Hereinafter, a bed horizontal alignment apparatus of a three-dimensional printer according to the present invention will be described in detail with reference to FIGS. 2 to 11. However, embodiments of the present invention may be modified in various other forms, and the scope of the present invention is not limited to the embodiments described below. Shapes and sizes of the elements in the drawings may be exaggerated for clarity, elements denoted by the same reference numerals in the drawings are the same elements.

In the specification, when a part is "connected" with another part, this includes not only a "directly connected" but also a "electrically connected" between other elements in between. In addition, when a part is said to "include" or "include" a certain component, it means that it is possible to further include or have other components rather than to exclude the other components unless otherwise stated. do.

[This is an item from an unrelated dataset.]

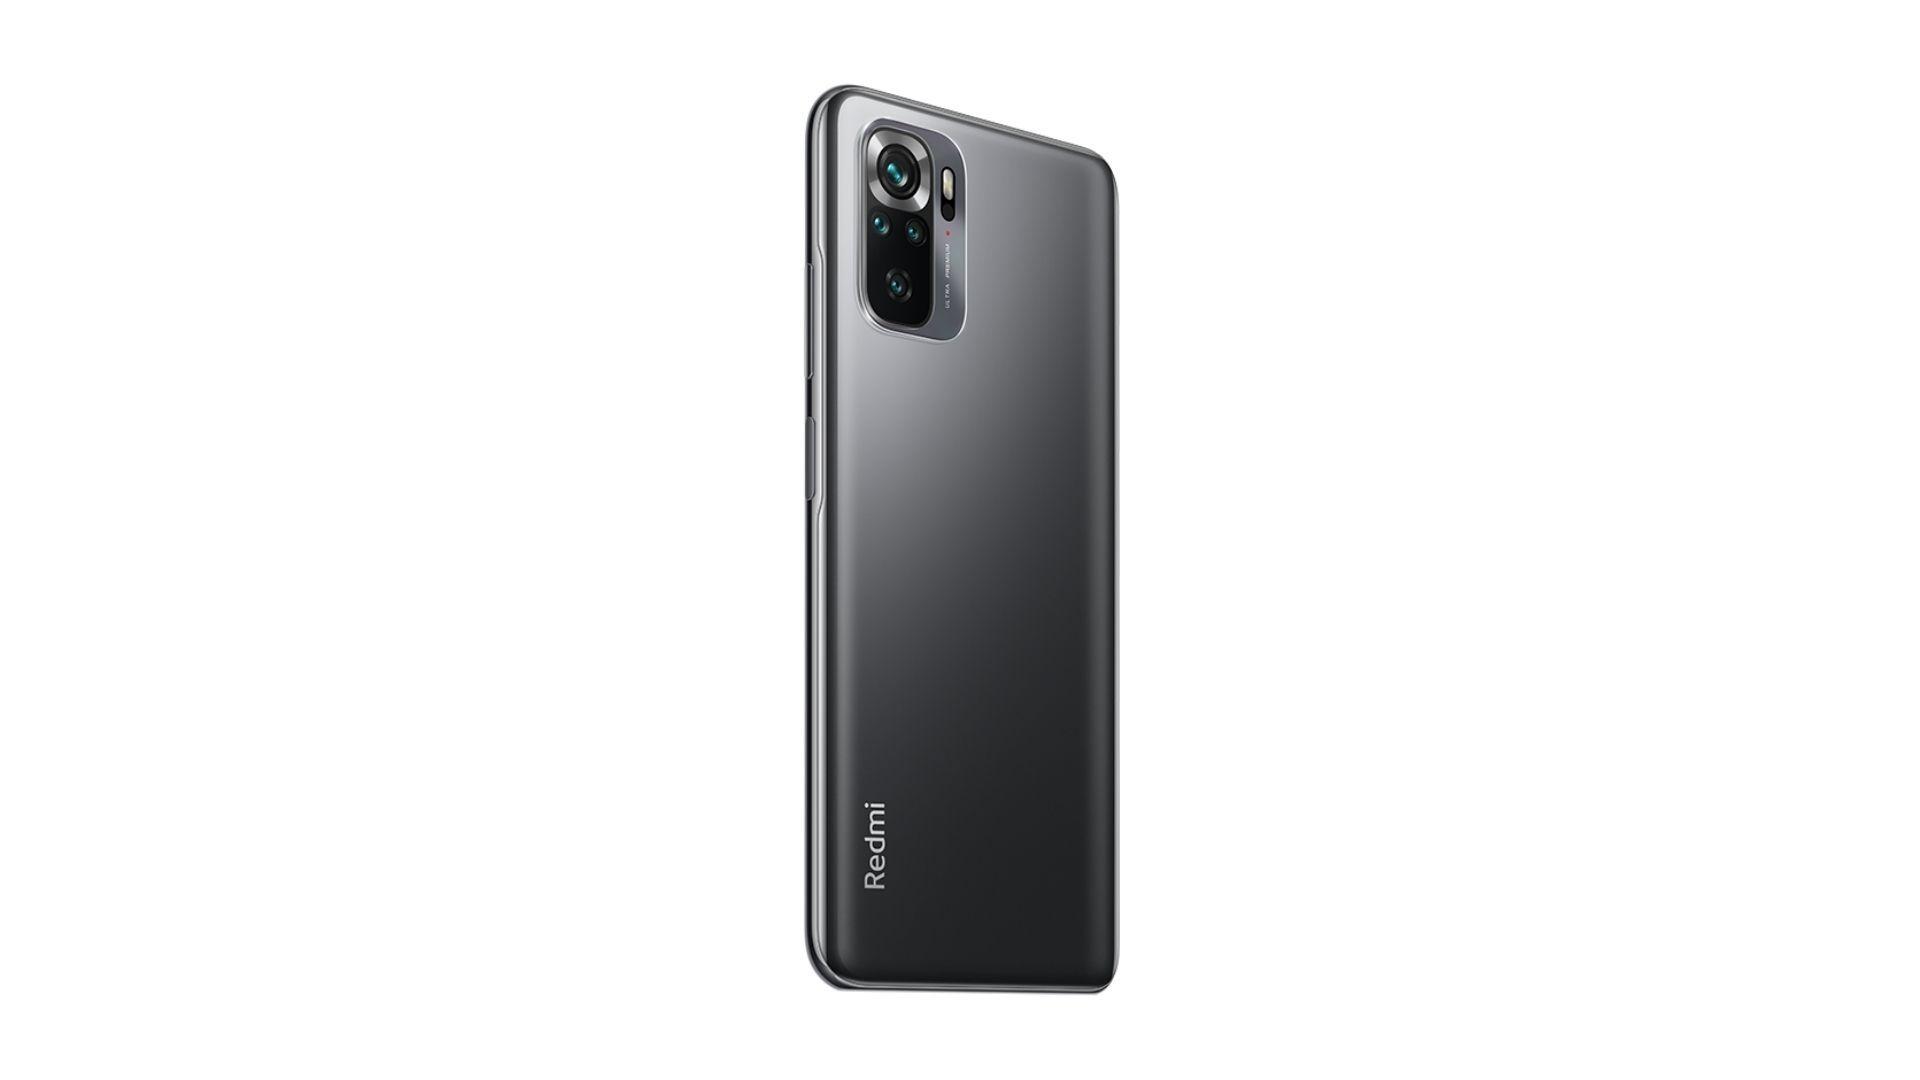 Celular preto Redmi Note 10S com fundo branco

2 to 7 show a first embodiment of the bed horizontal arrangement of the three-dimensional printer according to the present invention. As shown in Fig. 2, in the present embodiment, the three-dimensional printer controls the position and inclination of the bed by a controller (not shown), and the controller is based on the STL (Stereo Lithograpy) file used to generate the three-dimensional object. The solid is output to the bed on the bed assembly.

Bed horizontal alignment device is a two-axis rotating element for rotating the top surface in any direction on the main plate 110, the first rotating plate 120 rotatable about the X-axis direction and the second rotatable about the Y-axis direction The rotating plate 130 is provided. The main plate 110 moves in the horizontal axis (X or Y) direction and the vertical axis (Z axis) direction to determine a position with respect to the extrusion head (not shown). The second rotating plate 130 is the top bed in which the three-dimensional object is stacked by the extrusion head.

The first rotating plate 120 is rotatably coupled to the main plate 110 by the first rotating shaft 121. The first rotating shaft 121 may be coupled to the main plate 110 in the X-axis direction so that the first rotating plate 120 may rotate relative to the main plate 110 about the first rotating shaft 121. .

The second rotating plate 130 is rotatably coupled to the first rotating plate 120 by the second rotating shaft 131. The second rotating shaft 131 is coupled to the first rotating plate 120 in the Y-axis direction so that the second rotating plate 130 is relatively to the first rotating plate 120 about the second rotating shaft 131. Can rotate

The first plate 114 protruding in the Z-axis direction on the YZ plane is formed in the main plate 110, and the second bracket 114 protruding in the -Z-axis direction on the YZ plane is formed in the first rotation plate 120. The first rotation shaft 121 is rotatably coupled to the first bracket 114 and the second bracket 124 in the X-axis direction. Therefore, the first rotating plate 120 may rotate in the X axis about the first rotating shaft 121.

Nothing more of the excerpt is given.